____ DATA EXCERPT
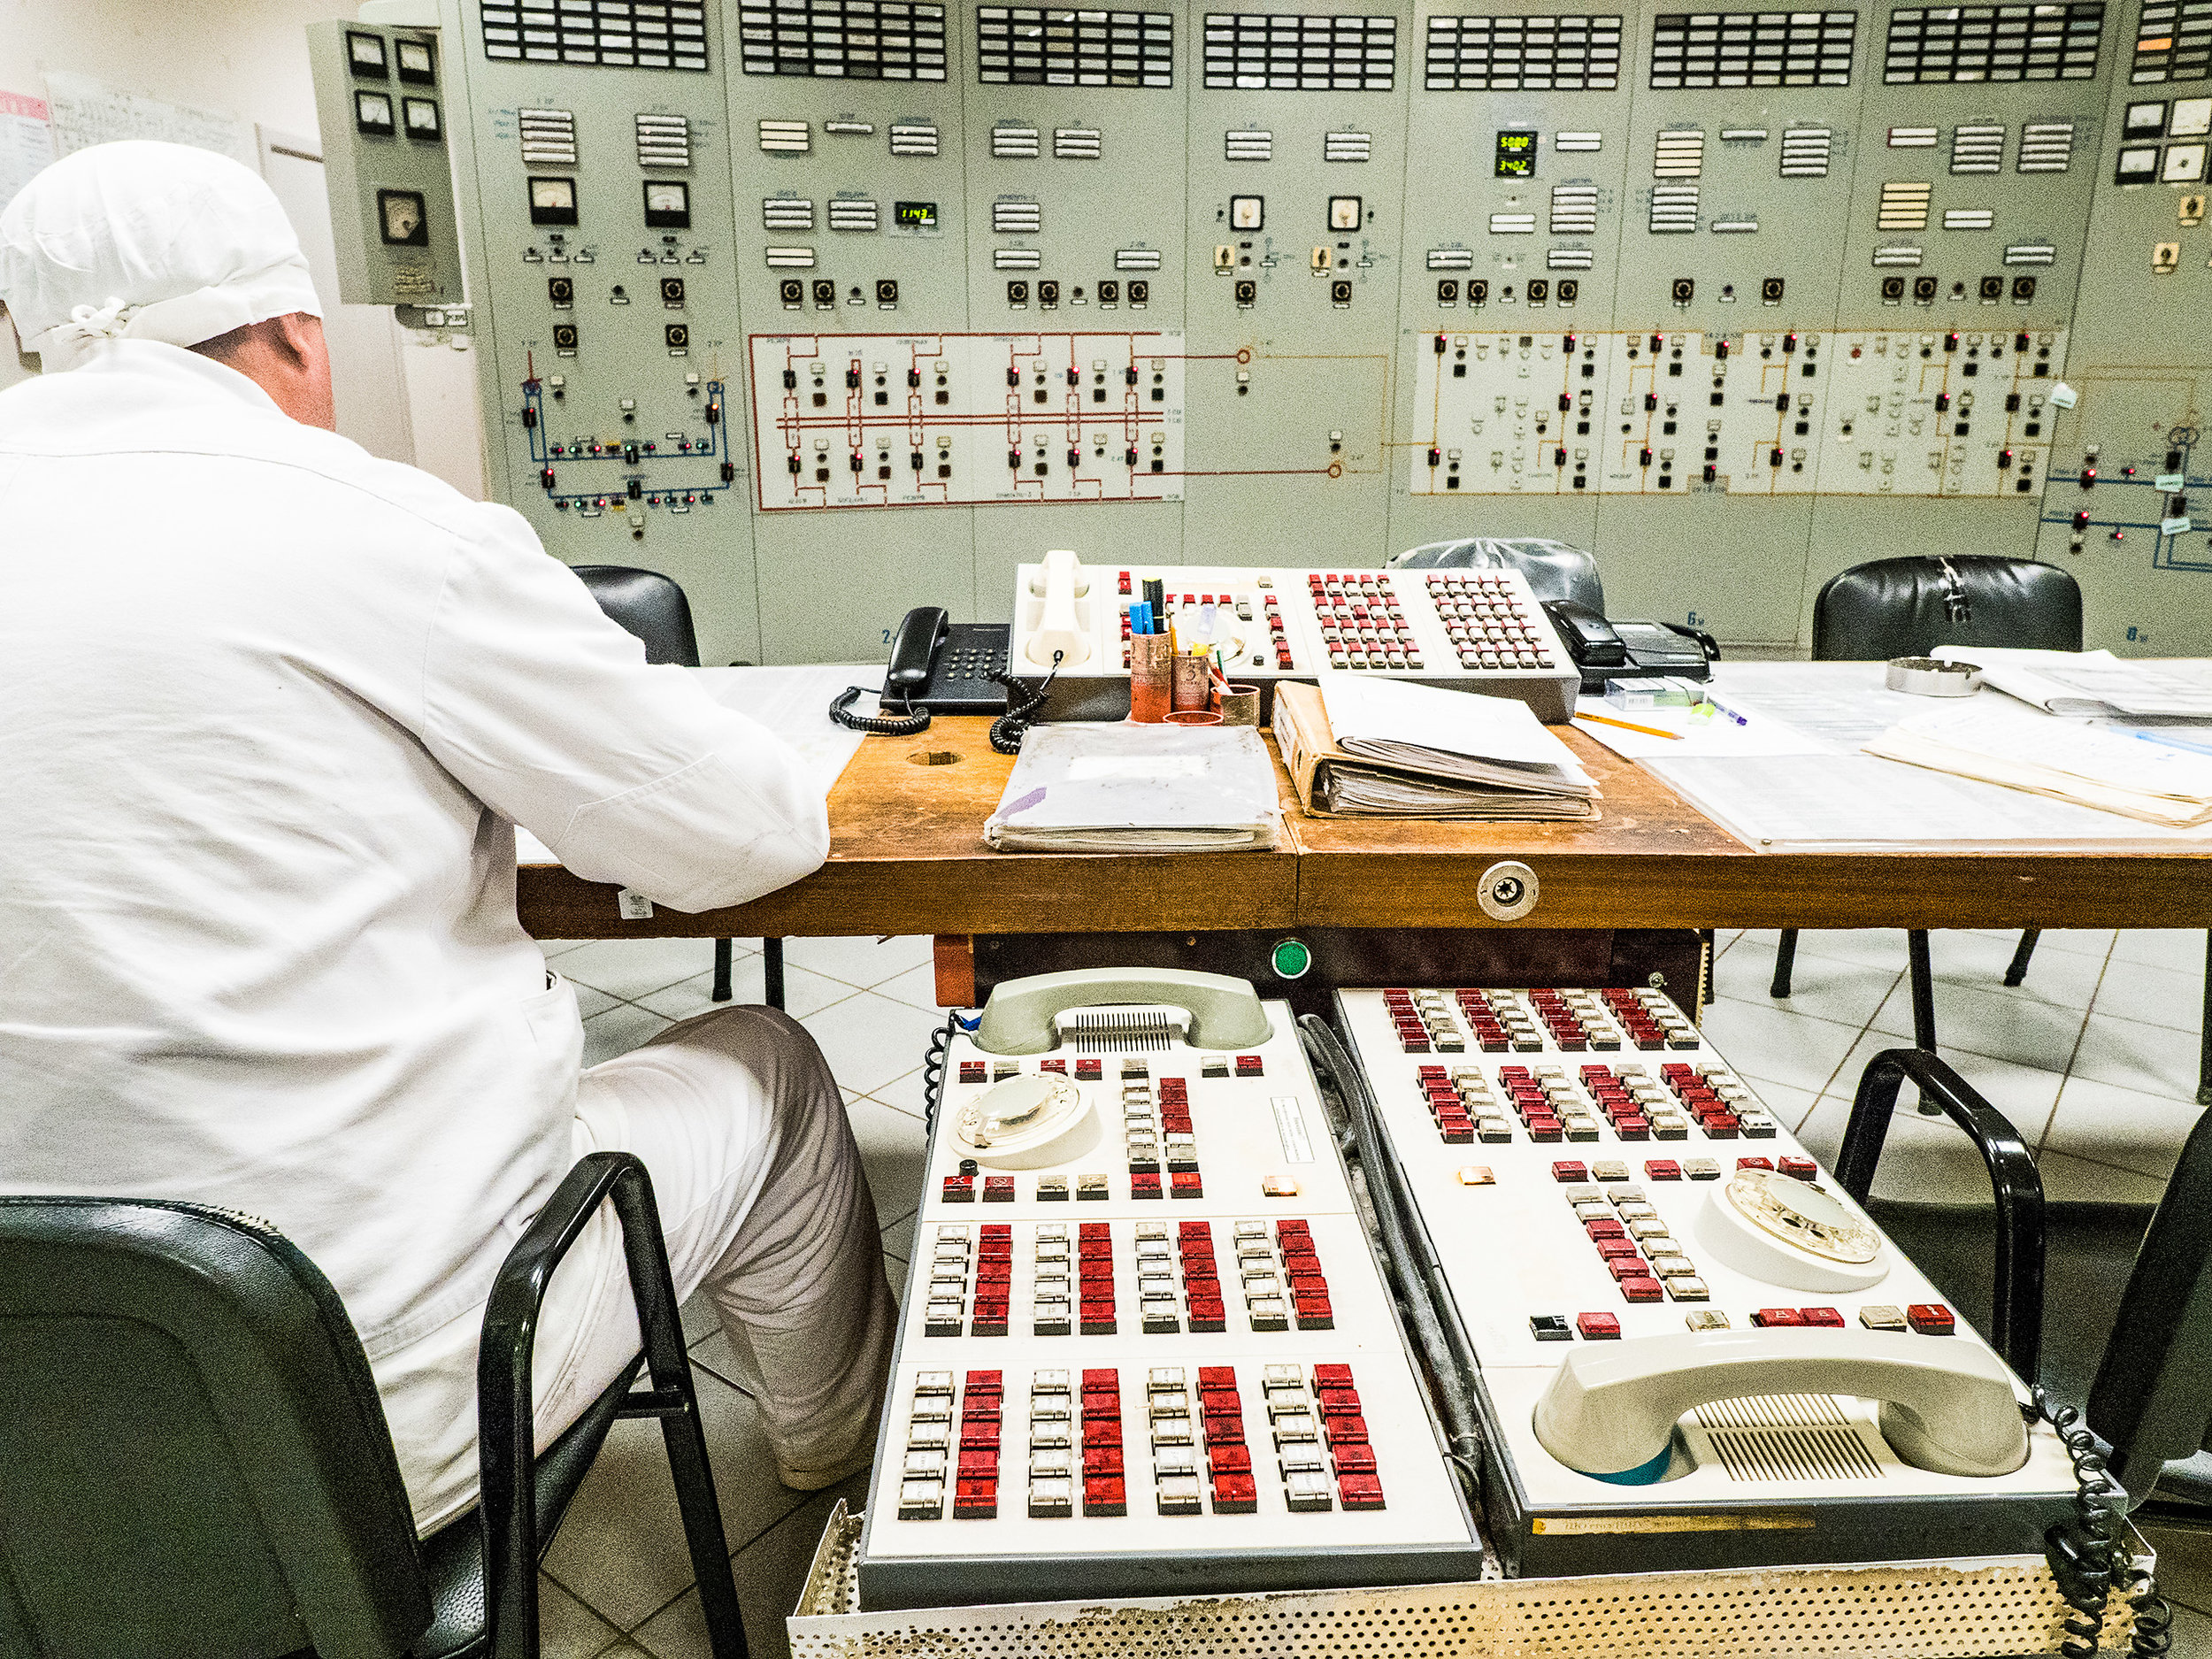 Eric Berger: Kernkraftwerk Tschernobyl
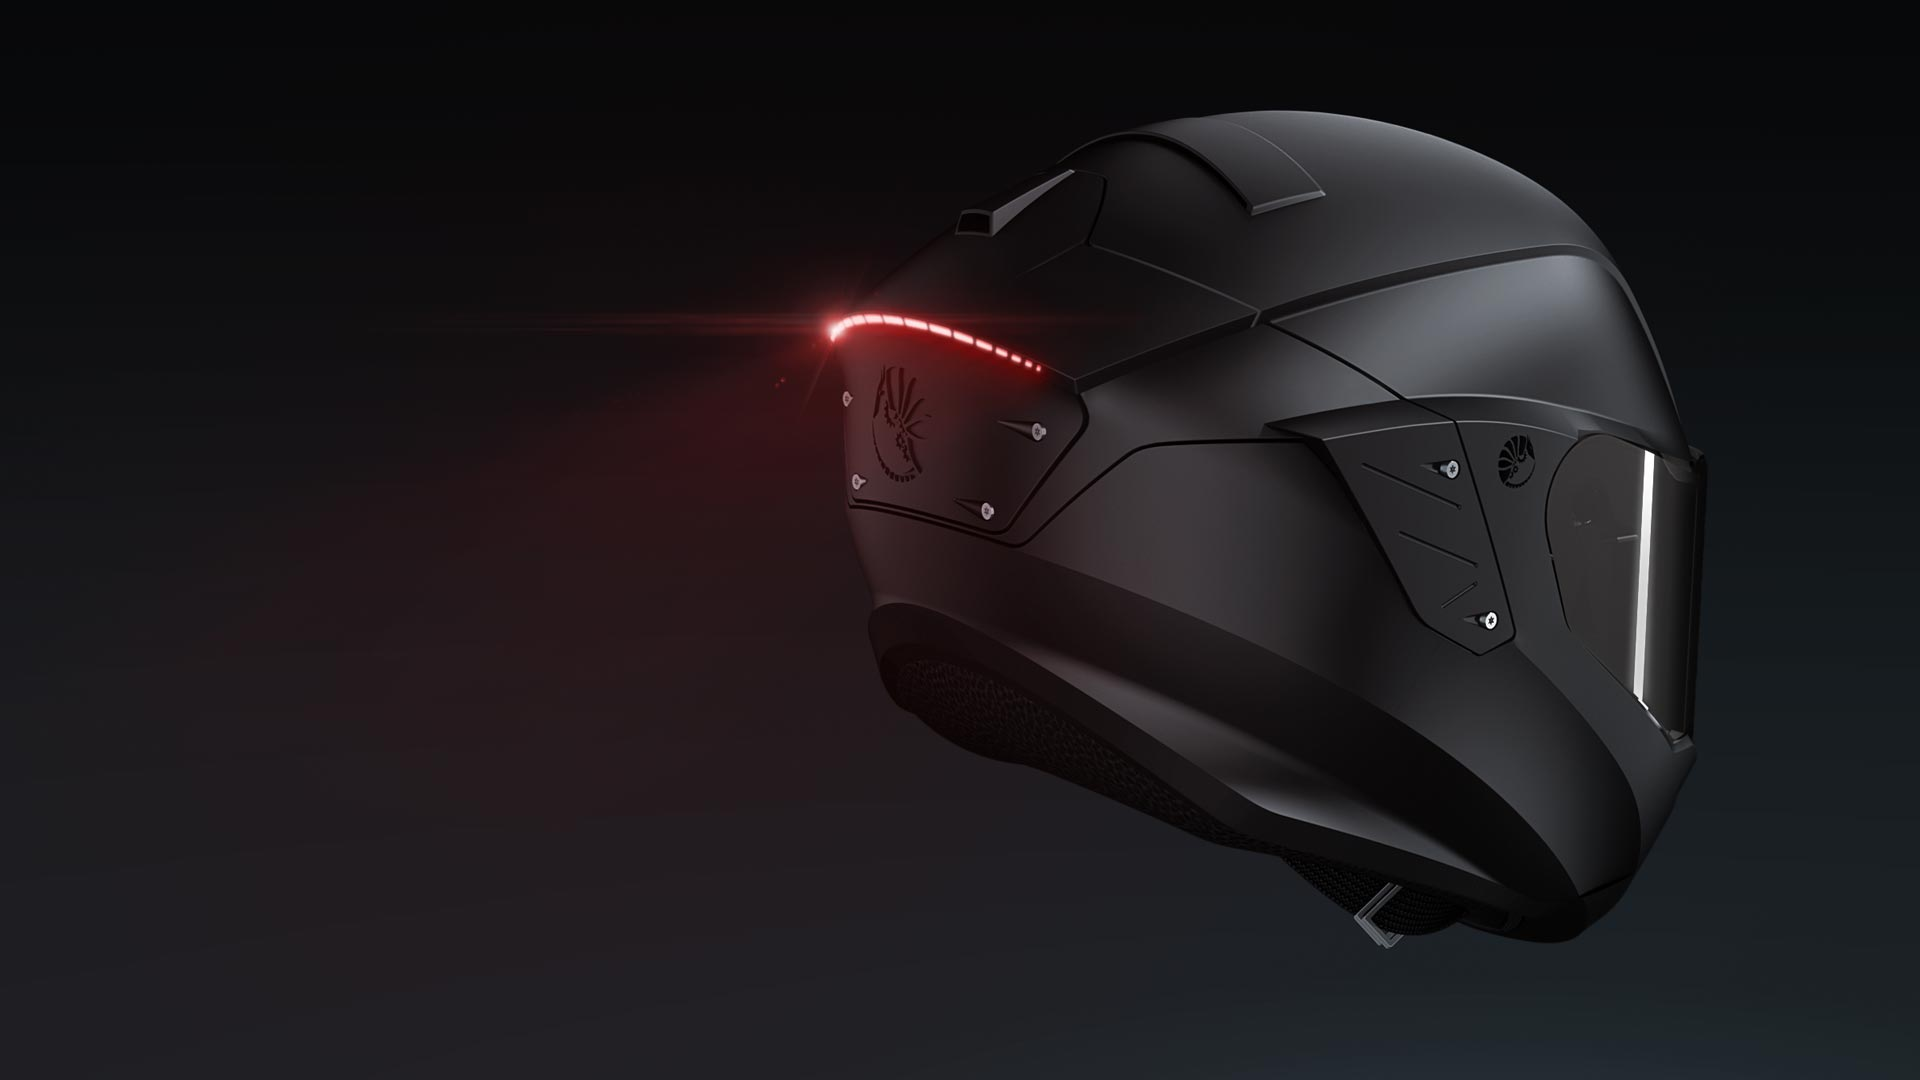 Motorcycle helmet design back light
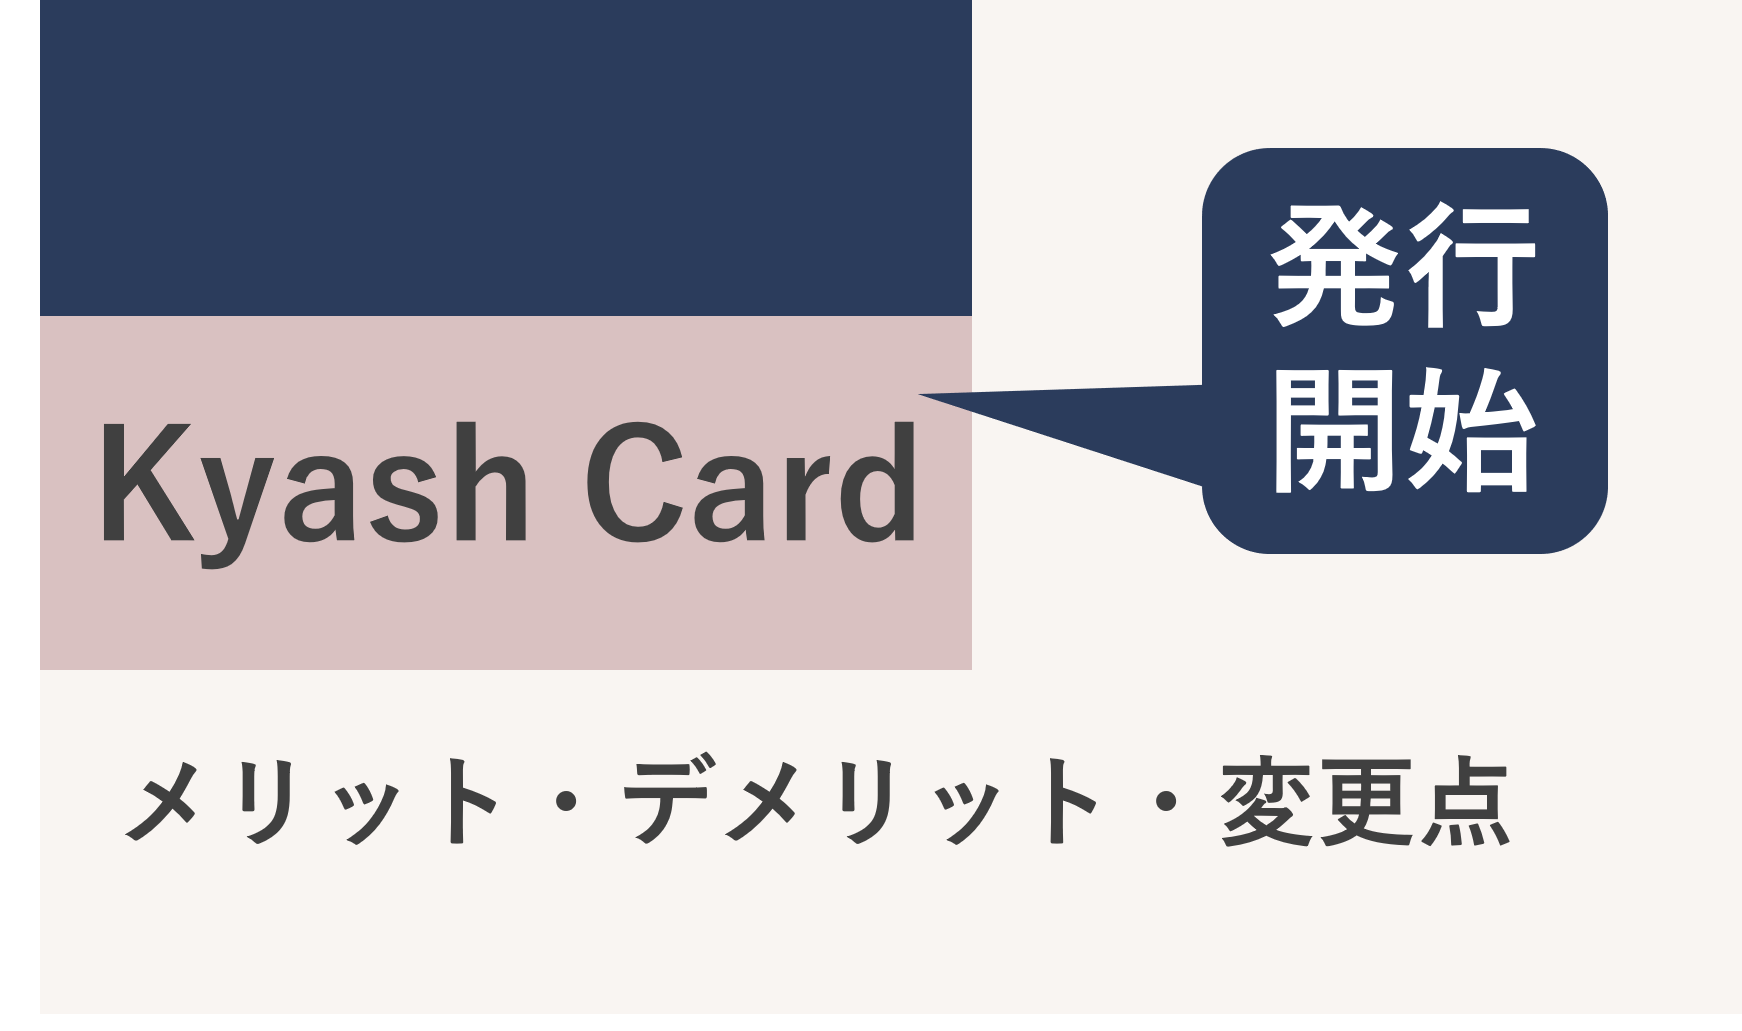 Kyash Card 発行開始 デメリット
________
_PROBLEM DETAILS_: The whole listing above is to be repeated exactly, apart from its pictures.

_SOLUTION TO THE PROBLEM_:
 Eric Berger: Kernkraftwerk Tschernobyl
 Motorcycle helmet design back light
 Kyash Card 発行開始 デメリット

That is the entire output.